Esta opção tem uma consequência prática. Praticamente todos os debates políticos de fundo em Portugal acabam, em algum momento, a invocar uma norma constitucional. O orçamento, a função pública, o sistema de saúde, o ensino, a fiscalidade, as nacionalizações, a habitação. Há sempre um artigo que se pode citar, há sempre um artigo que se pode tentar ler ao contrário. A Constituição portuguesa intervém em quase tudo, mesmo quando poucos a leram inteira.
A vida dupla do texto
A Constituição de 1976 vive hoje uma espécie de vida dupla, e essa duplicidade explica a sua longevidade. O preâmbulo é o documento de origem, intocado, com a memória do 25 de Abril e o vocabulário revolucionário do verão quente. O articulado é o documento operacional, sucessivamente revisto, adaptado à integração europeia, à economia de mercado, à evolução dos direitos fundamentais.
Quem lê o preâmbulo lê uma certidão de batismo. Quem lê o articulado lê uma constituição de uma democracia europeia ocidental, atualizada à medida do que o consenso parlamentar foi permitindo atualizar. As duas camadas convivem porque foi esse o pacto implícito de toda a história revisionista do texto, mexer no corpo, não tocar na origem.
Há quem leia esta dissociação como sinal de força. A Constituição teria conseguido evoluir sem perder a sua memória fundadora. Há quem leia como sinal de embaraço. O preâmbulo continuaria a prometer um destino que o corpo do texto já não persegue, e essa contradição existiria à vista de toda a gente, pelo menos para quem se desse ao trabalho de ler as duas partes seguidas.
A primeira leitura é generosa e tem o mérito de explicar a longevidade do documento. Poucas constituições democráticas chegaram aos cinquenta anos sem ter sido substituídas. A segunda leitura é mais incómoda mas tem um mérito diferente: obriga a perguntar qual é, afinal, o programa da Constituição portuguesa em 2026. A transição para o socialismo foi retirada do articulado em 1989. A economia de mercado é admitida. A integração europeia é vinculativa. O Conselho da Revolução foi extinto em 1982. Em que sentido continua esta a ser a Constituição de 1976?
Continua, em parte, porque foi feita com vocação de durar. O desenho institucional é o mesmo desde o início: semipresidencialismo, parlamento unicameral, Tribunal Constitucional, Provedor de Justiça, regiões autónomas, autarquias. Os direitos fundamentais que enuncia também são em larga medida os mesmos, alargados em algumas matérias, intocados na maioria. E o seu núcleo material identificado pelo artigo 288.º como limites materiais de revisão, a independência nacional, a forma republicana de governo, a separação entre Igrejas e Estado, os direitos, liberdades e garantias dos cidadãos, a separação e interdependência dos órgãos de soberania, a fiscalização da constitucionalidade, é em larga medida o que a Assembleia Constituinte definiu.
Mas continua também por inércia.

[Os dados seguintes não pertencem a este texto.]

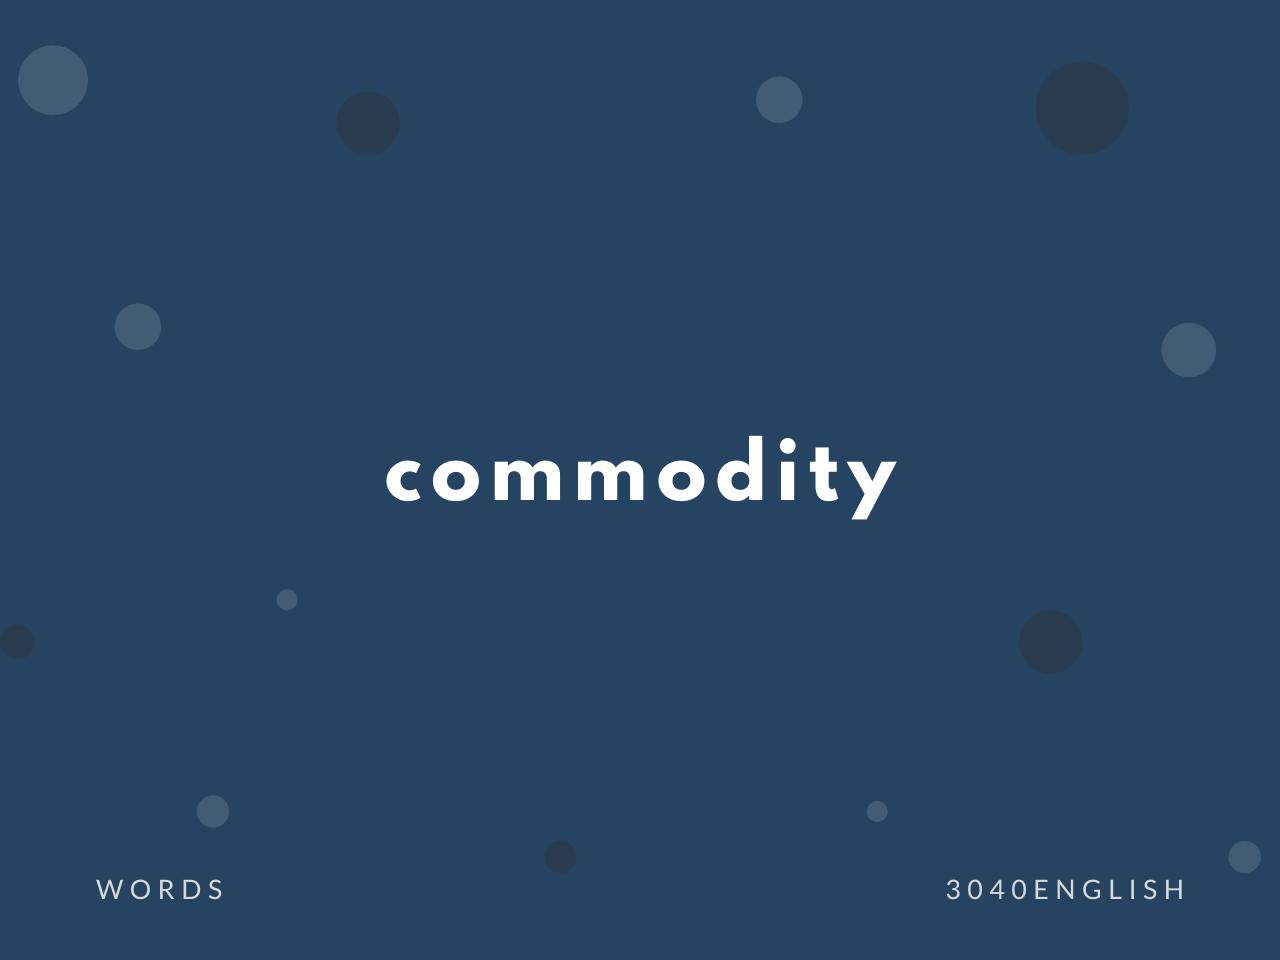 commodity の意味と簡単な使い方【音読用例文あり】

Mexer numa Constituição com 32 mil palavras é uma operação que exige maioria parlamentar de dois terços que tem sido inalcançável fora dos momentos em que houve consenso bipartidário entre PS e PSD. A oitava revisão tentada em 2010 caducou. Não tem havido oitava revisão desde então. O constitucionalismo português está numa pausa longa, e essa pausa é também uma forma de equilíbrio.

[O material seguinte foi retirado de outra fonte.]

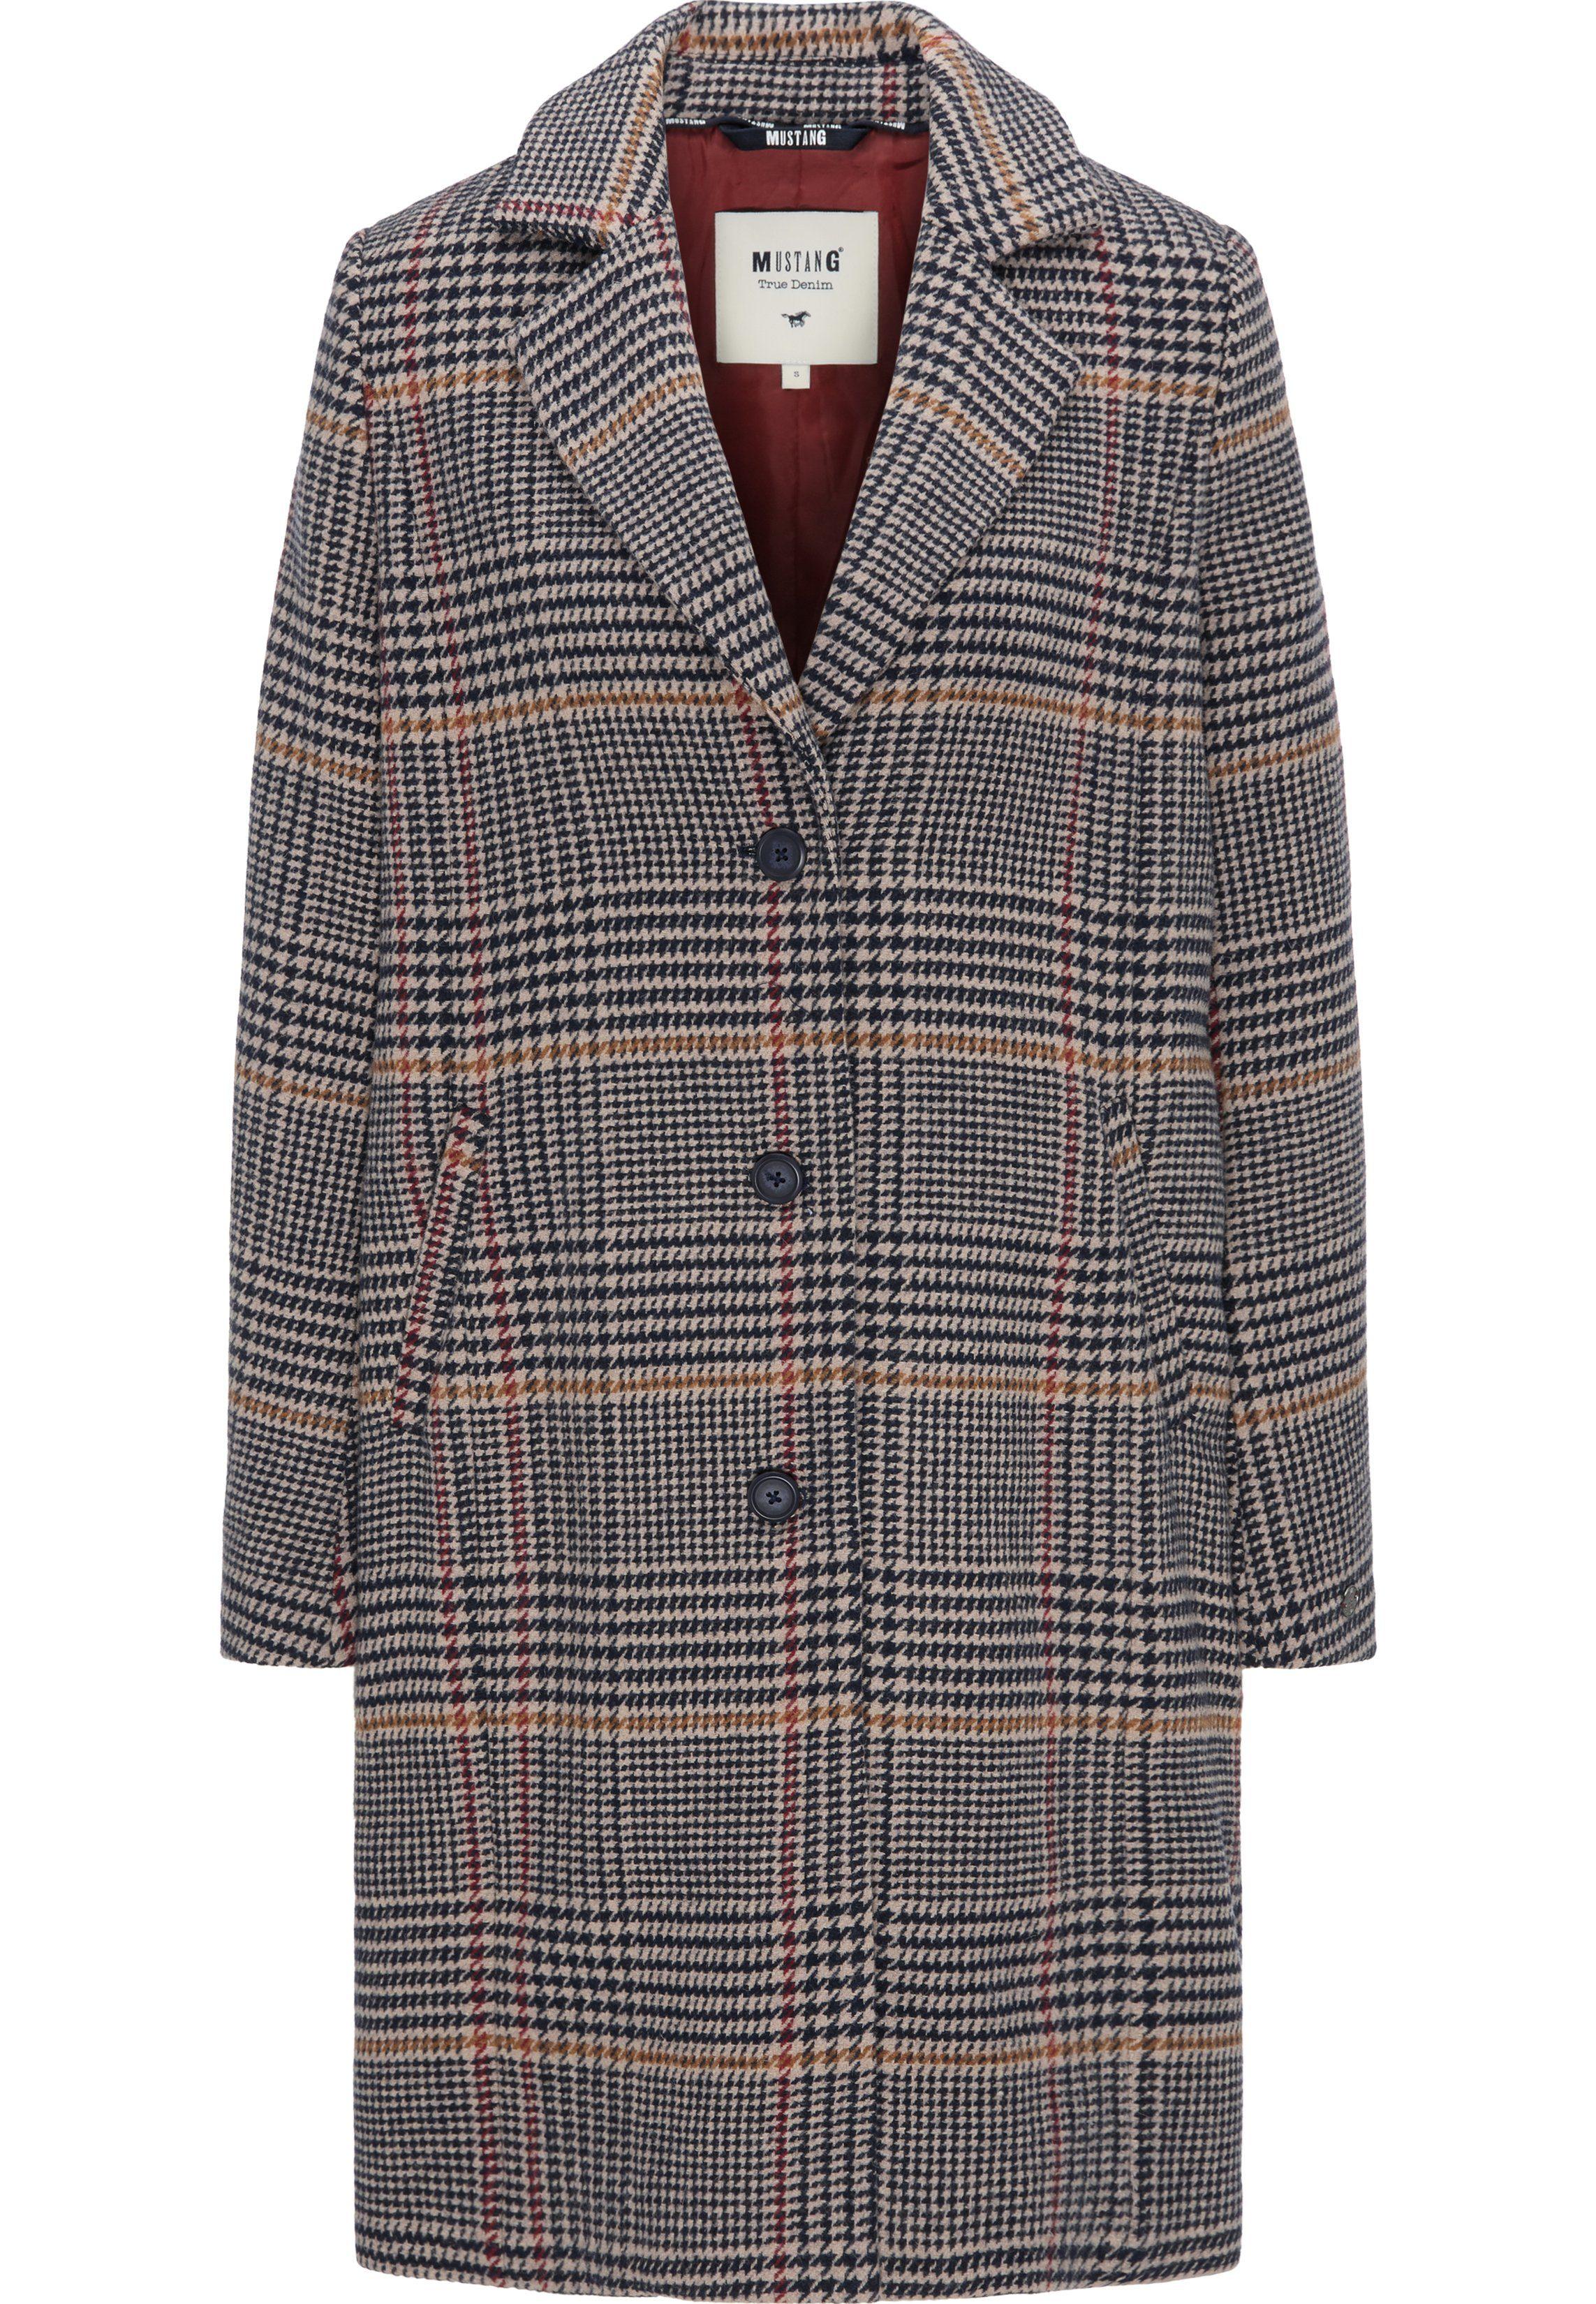 MUSTANG Jacke online kaufen | OTTO

A versão atual da Constituição da República Portuguesa abre com a sentença de 1976 sobre o regime fascista derrubado pelo Movimento das Forças Armadas. No artigo 1.º, define Portugal como República “empenhada na construção de uma sociedade livre, justa e solidária”, uma fórmula vaga onde já cabe quase qualquer programa político. Entre essas duas linhas, há cinquenta anos de reescrita parcial, sete revisões aprovadas, uma falhada, e uma democracia que aprendeu a viver com um texto fundador que foi mudando por dentro sem nunca admitir tê-lo feito.